Songtao Guo(), Guoliang Chen, Baoguo Li*()()   

  1. Shaanxi Key Laboratory for Animal Conservation, College of Life Sciences, Northwest University, Xi’an 710069, China
  • Received:2025-11-19 Accepted:2026-03-18 Online:2026-03-20 Published:2026-04-09
  • Contact: *E-mail: baoguoli@nwu.edu.cn
  • Supported by:
    National Key R&D Program of China(2024YFF1307302);National Natural Science Foundation of China(32220103002);National Natural Science Foundation of China(32370534);National Natural Science Foundation of China(32371563);Shaanxi Provincial Natural Science Basic Research Program(2025SYS-SYSZD-072);Xi’an Science and Technology Plan Project(2023JH-GHZ1-0004)

Abstract:

Background & Aims: Primates are the closest living relatives to humans. China harbors rich primate diversity, and research on this group is of great significance for biodiversity conservation and for understanding humanity itself. Chinese Primatology has boomed since the 1980s, with the establishment of a specialized academic system including the Primate Specialist Group (1989) and the China Primatological Society (2017).

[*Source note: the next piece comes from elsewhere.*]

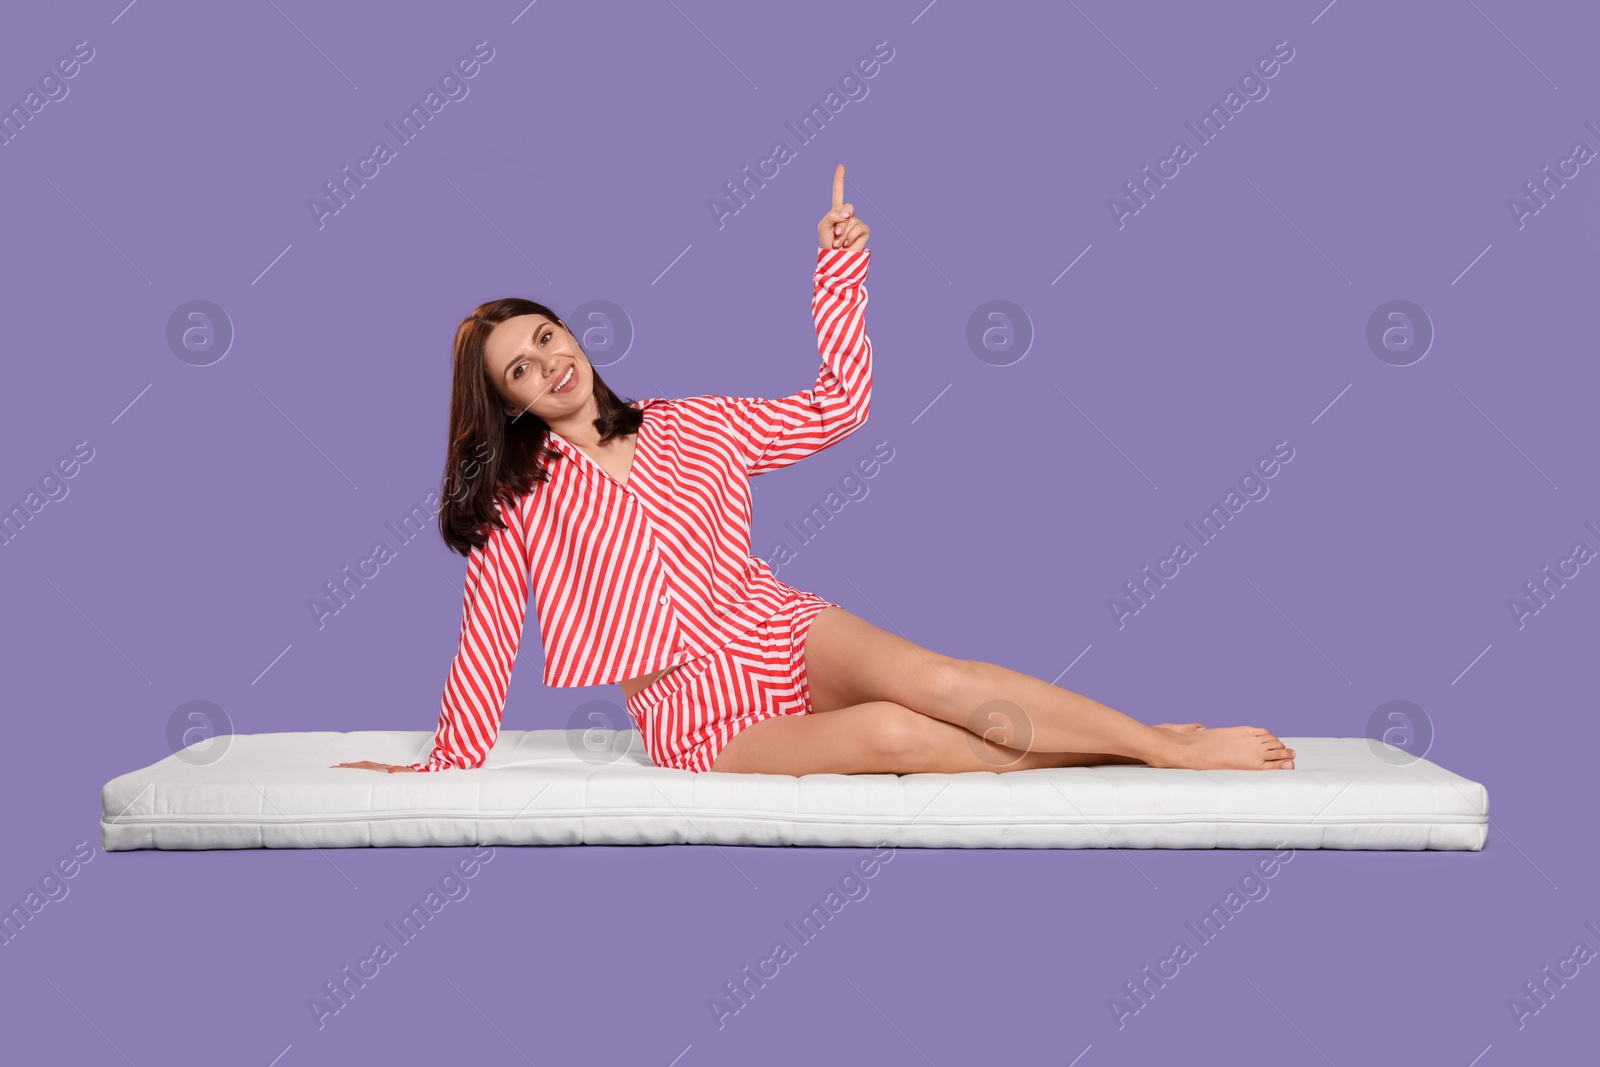 Photo of Young woman sitting on soft mattress and pointing upwards against light purple background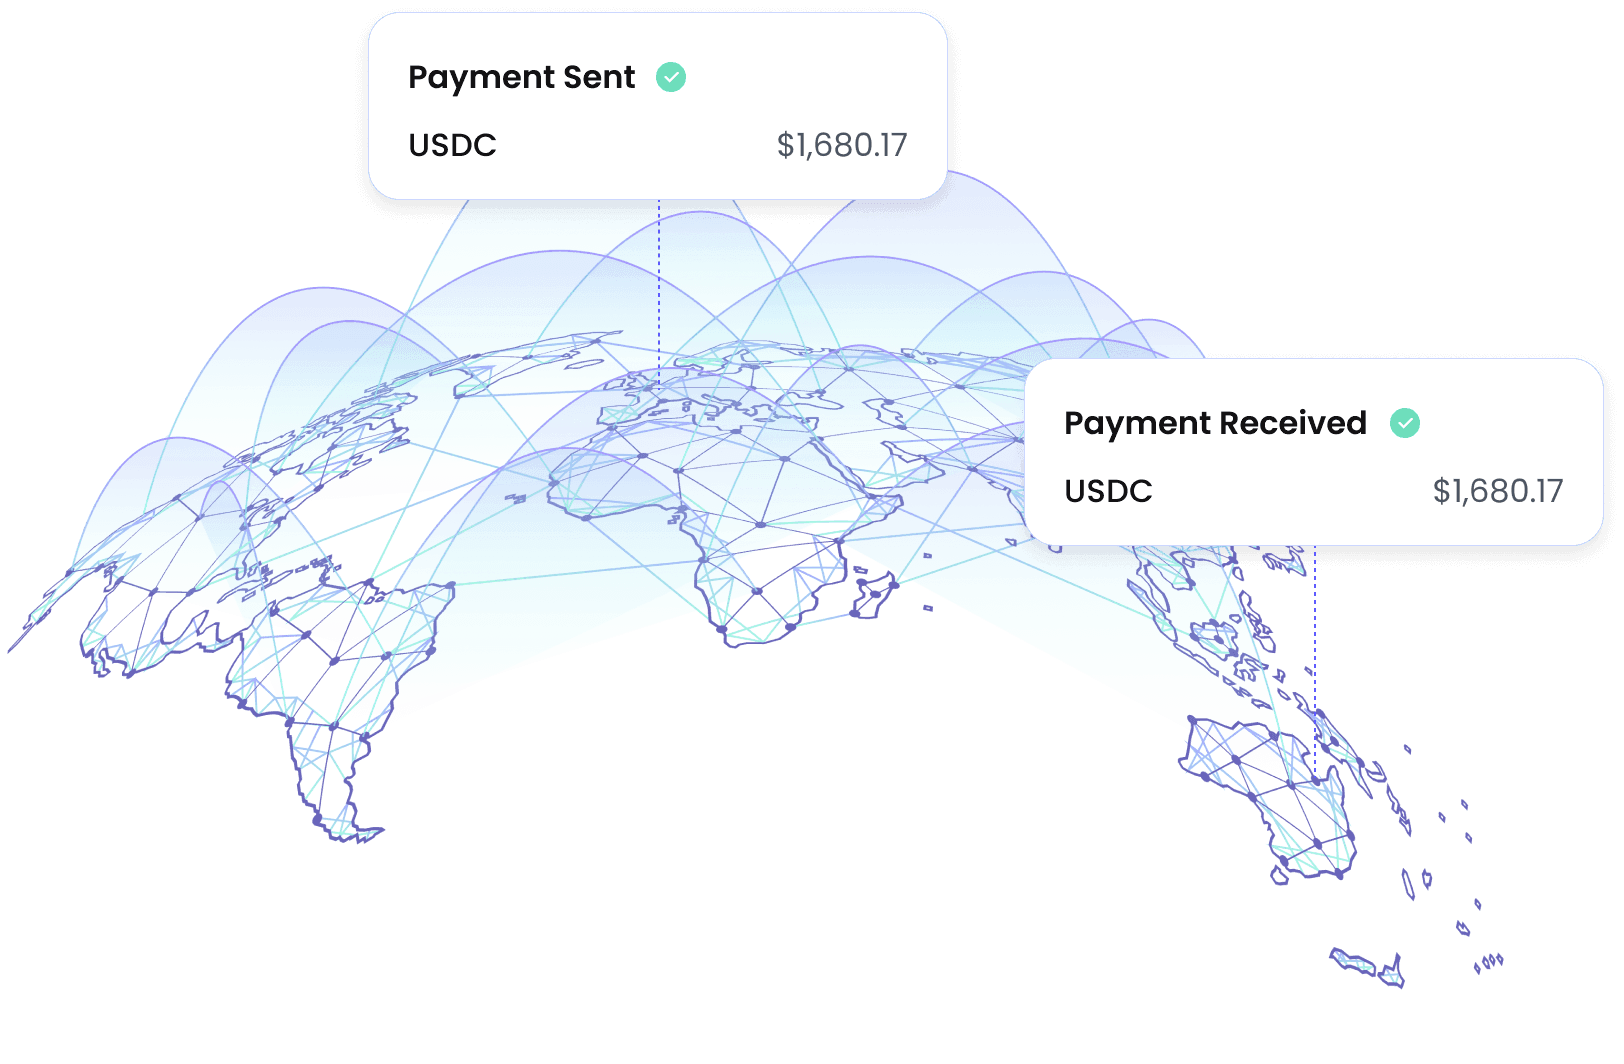 Global payments

Review Results: China hosted the 19th Congress of the International Primatological Society (IPS) in 2002 and became an IPS member in 2014, marking its growing international influence. Chinese primatology has evolved from basic species surveys to a comprehensive discipline integrating multiple fields, addressing global biodiversity conservation and human cognitive evolution needs. Chinese scholars have achieved pivotal progress in six key areas. In taxonomy and distribution, new species such as the white-cheeked macaque (Macaca leucogenys) and the skywalker hoolock gibbon (Hoolock tianxing) were discovered, confirming that China harbors 29 primate species from 3 families and 8 genera. Genetic and evolutionary studies, led by the Primate Genome Project, revealed the radiation evolution of macaques driven by Quaternary climate fluctuations and the hybrid origin of snub-nosed monkeys (Rhinopithecus spp.), also elucidating primate extinction mechanisms and social evolution drivers. Behavioral and physiological research uncovered the “multilevel society” of golden snub-nosed monkeys (Rhinopithecus roxellana), gibbons’ song coordination and path-planning behaviors, and the synergistic adaptation of primate nutritional regulation and gut microbiota. Cognitive and neuroscientific studies identified neural bases for advanced cognition and emotional processing in macaques, establishing a complete research system from disease models to cellular atlases. Conservation research built a scientific system from risk assessment to targeted intervention, achieving remarkable results such as the doubling in number of white-headed langurs (Trachypithecus leucocephalus). Methodological innovations applied AI-based behavior recognition and unmanned aerial vehicle (UAV) monitoring, forming an intelligent “sky-land-sound” observation system and promoting automated and intelligent research.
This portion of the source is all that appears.